Rscript scripts/draw_tree_icons.R data/part_2/tree/tree.treefile imgs/icons_tree.png

Wow! Looking goodThe phylogeny and the tree itself with the icons!
draw_tree_icons.R script uses phylopic_uid() function from ggimage package to make it possible.
But we can do even cooler.


Step 10: Add photos to the tree

But first let's take a look at the script we will use for visualization:

draw_tree_photos.R
#!/usr/bin/env Rscript
args <- commandArgs(trailingOnly=TRUE)

if (!require("pacman")) install.packages("pacman")

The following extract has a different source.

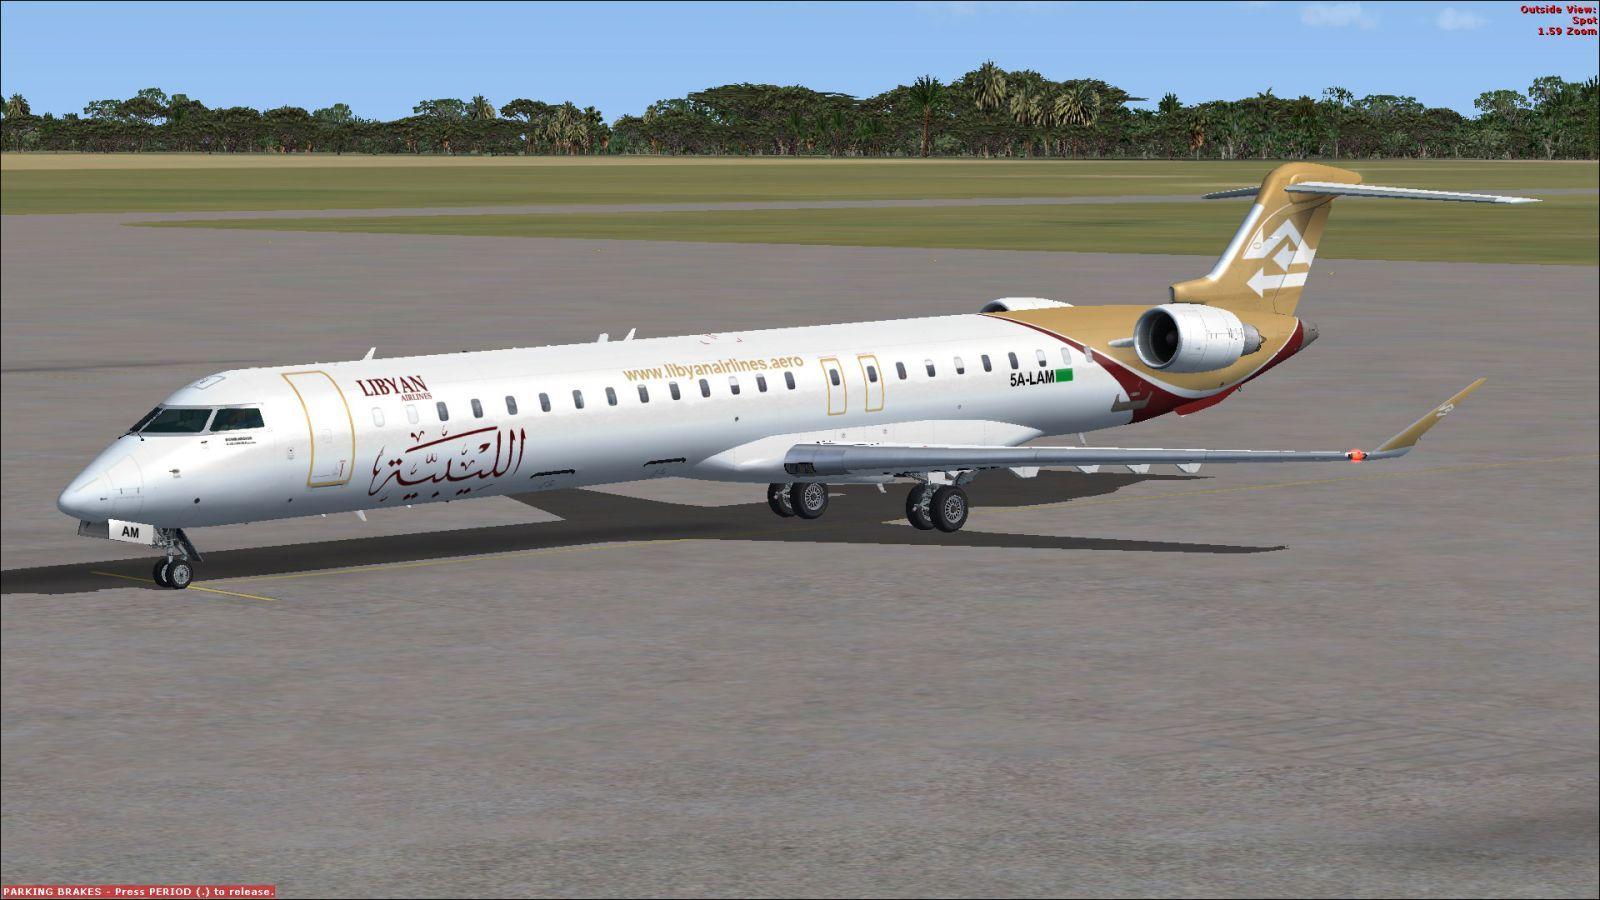 Libyan Airlines CRJ 900

pacman::p_load(ggtree, ggimage)

newick.tree <- read.tree(args[1])

newick.tree$tip.label <- gsub("_", " ", newick.tree$tip.label)

#phylopic images
tips <- newick.tree$tip.label
tips[6] <- "Eptesicus"
tips[8] <- "Marmota monax"
tips[10] <- "Mus musculus"
tipsimg <- ggimage::phylopic_uid(tips)
tipsimg$name <- tips
#save time and also edit if necessary
#write.csv(tipsimg, "tipsimg.csv")
#tipsimg <- read.csv("tipsimg.csv")

ggtree(newick.tree) + 
  geom_label2(aes(subset=!isTip, label=label), col="red4", size=2, fill="white", label.size=0.2) + 
  geom_tiplab(image=tipsimg$uid, geom="phylopic", offset = .075) +
  xlim(0,.4) + 
  geom_treescale(x=0, y=11) +
  geom_tiplab(fontface="italic")

ggsave(args[2], width=12, height=6, dpi=600)

Input

Rscript scripts/draw_tree_photos.R data/part_2/tree/tree.treefile photos/ imgs/photos_tree.png

Let's take a look at the tree!

Magnificent! So this script just takes a folder with photos as the input and that's all the magic!